Connection <NUM> may be direct, or it may pass through a core network (not shown in <FIG>) of the telecommunication system and/or through one or more intermediate networks outside the telecommunication system.

While OTT connection <NUM> is active, the network infrastructure may further take decisions by which it dynamically changes the routing (e.g., based on load balancing consideration or reconfiguration of the network).

Wireless connection <NUM> between UE <NUM> and base station <NUM> is in accordance with the teachings of the embodiments described throughout this disclosure. One or more of the various embodiments improve the performance of OTT services provided to UE <NUM> using OTT connection <NUM>, in which wireless connection <NUM> forms the last segment. More precisely, the teachings of these embodiments may improve the signaling overhead and reduce latency, which may provide faster internet access for users.

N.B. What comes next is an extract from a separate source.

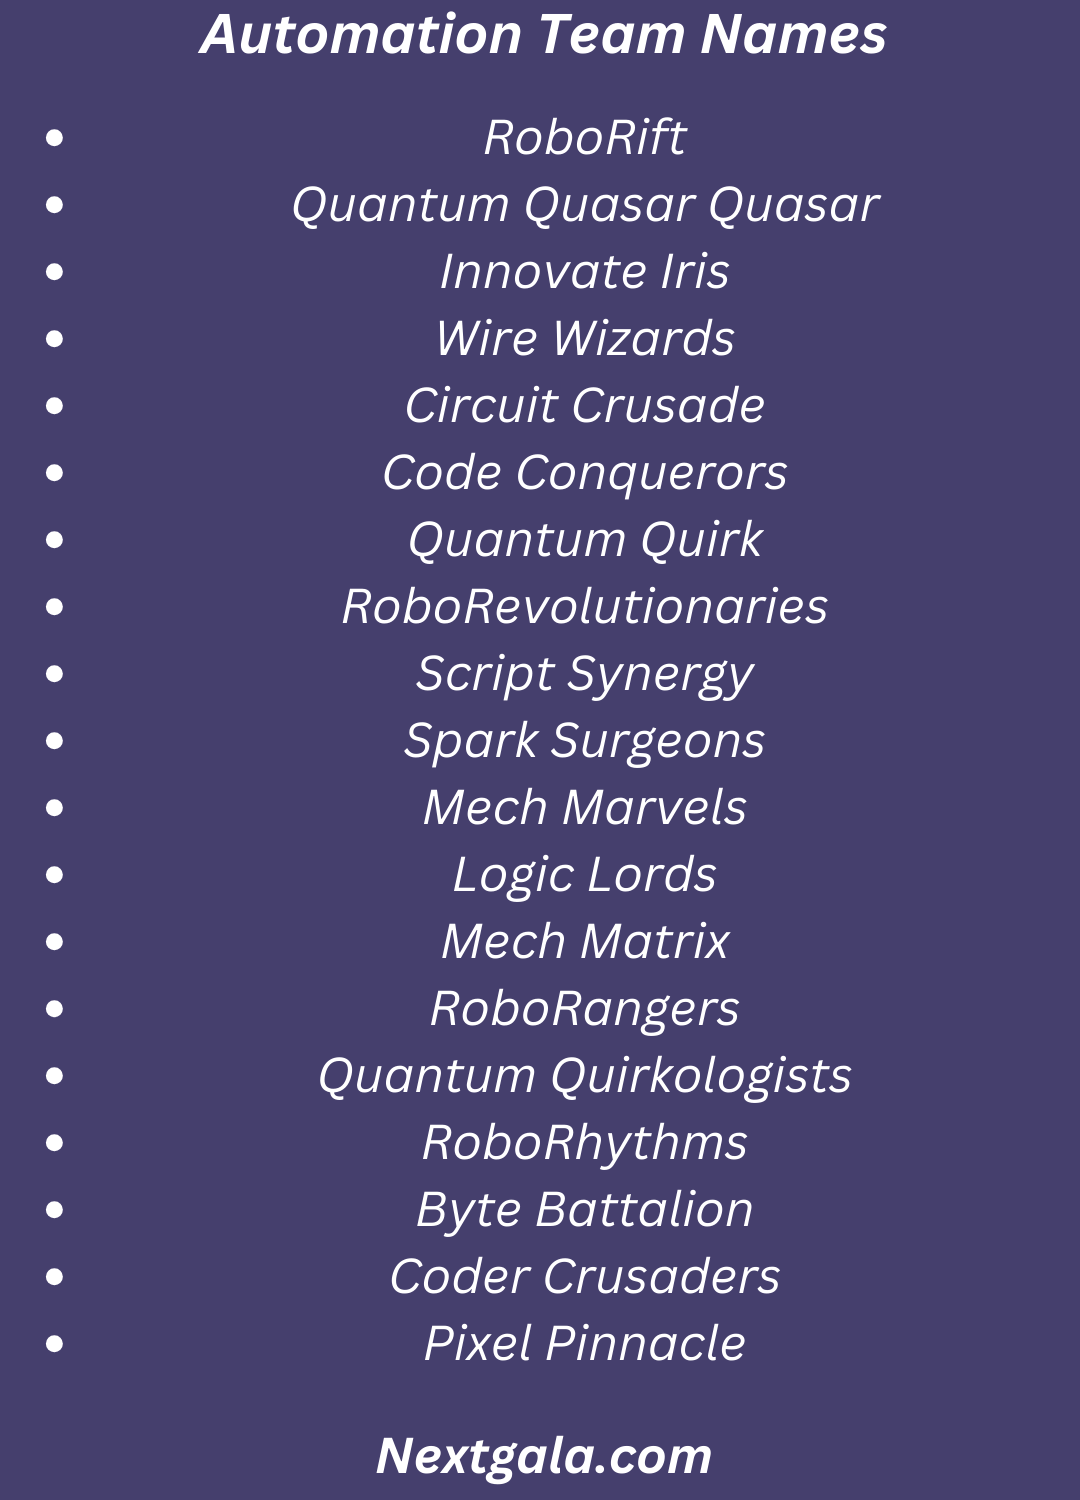 Automation Team Names (1)

A measurement procedure may be provided for monitoring data rate, latency and other factors on which the one or more embodiments improve. In embodiments, sensors (not shown) may be deployed in or in association with communication devices through which OTT connection <NUM> passes; the sensors may participate in the measurement procedure by supplying values of the monitored quantities exemplified above or supplying values of other physical quantities from which software <NUM>, <NUM> may compute or estimate the monitored quantities.

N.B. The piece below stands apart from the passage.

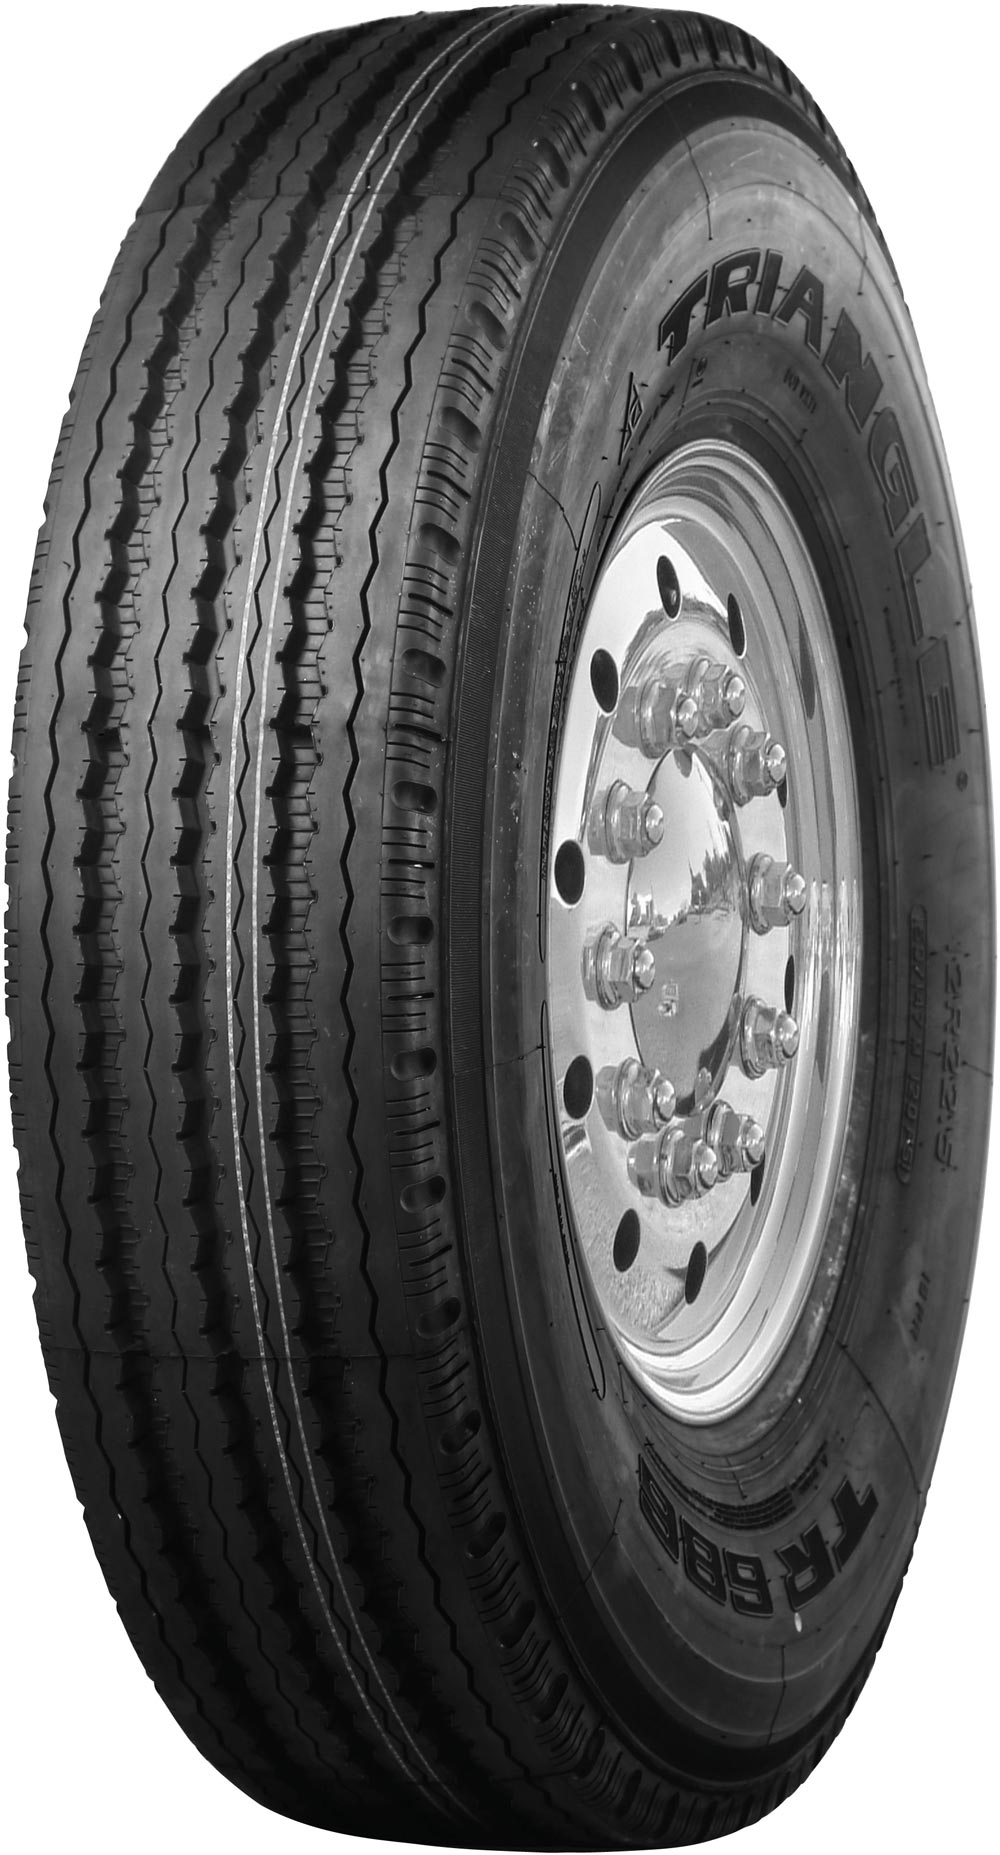 product_type-heavy_tires Triangle TR686 16PR 11 R24.5 149M

Additionally, or alternatively, in step <NUM>, the UE provides user data.

Modifications, additions, or omissions may be made to the systems and apparatuses disclosed herein without departing from the scope of the invention. The components of the systems and apparatuses may be integrated or separated. Moreover, the operations of the systems and apparatuses may be performed by more, fewer, or other components. Additionally, operations of the systems and apparatuses may be performed using any suitable logic comprising software, hardware, and/or other logic. As used in this document, "each" refers to each member of a set or each member of a subset of a set.

Modifications, additions, or omissions may be made to the methods disclosed herein without departing from the scope of the invention. The methods may include more, fewer, or other steps. Additionally, steps may be performed in any suitable order.

The foregoing description sets forth numerous specific details. It is understood, however, that embodiments may be practiced without these specific details. In other instances, well-known circuits, structures and techniques have not been shown in detail in order not to obscure the understanding of this description. Those of ordinary skill in the art, with the included descriptions, will be able to implement appropriate functionality without undue experimentation.

Although this disclosure has been described in terms of certain embodiments, alterations and permutations of the embodiments will be apparent to those skilled in the art in the sense that other changes, substitutions, and alterations are possible without departing from the scope defined by the claims below.

Claim 1:
A method performed by a wireless device for operation with shared spectrum channel access, wherein a first plurality of fixed frame periods, FFPs, are associated with the wireless device and a second plurality of fixed frame periods, FFPs, are associated with a network node and wherein each FFP comprises an idle period with no transmission and a channel occupancy time, COT, in which the wireless device or the network node is permitted to transmit, the method comprising:
initiating (<NUM>) a COT in one of the FFPs of the first plurality of FFPs; and
upon successful initiation of the COT, transmitting (<NUM>), to the network node, uplink data from the beginning of the COT,
characterized in that,
the first plurality of FFPs and the second plurality of FFPs are not aligned in the time domain and transmitting uplink data comprises segmenting the uplink data into two or more segments and refraining from transmitting any of the two or more segments that overlap with an idle period of any of the FFPs of the second plurality of FFPs.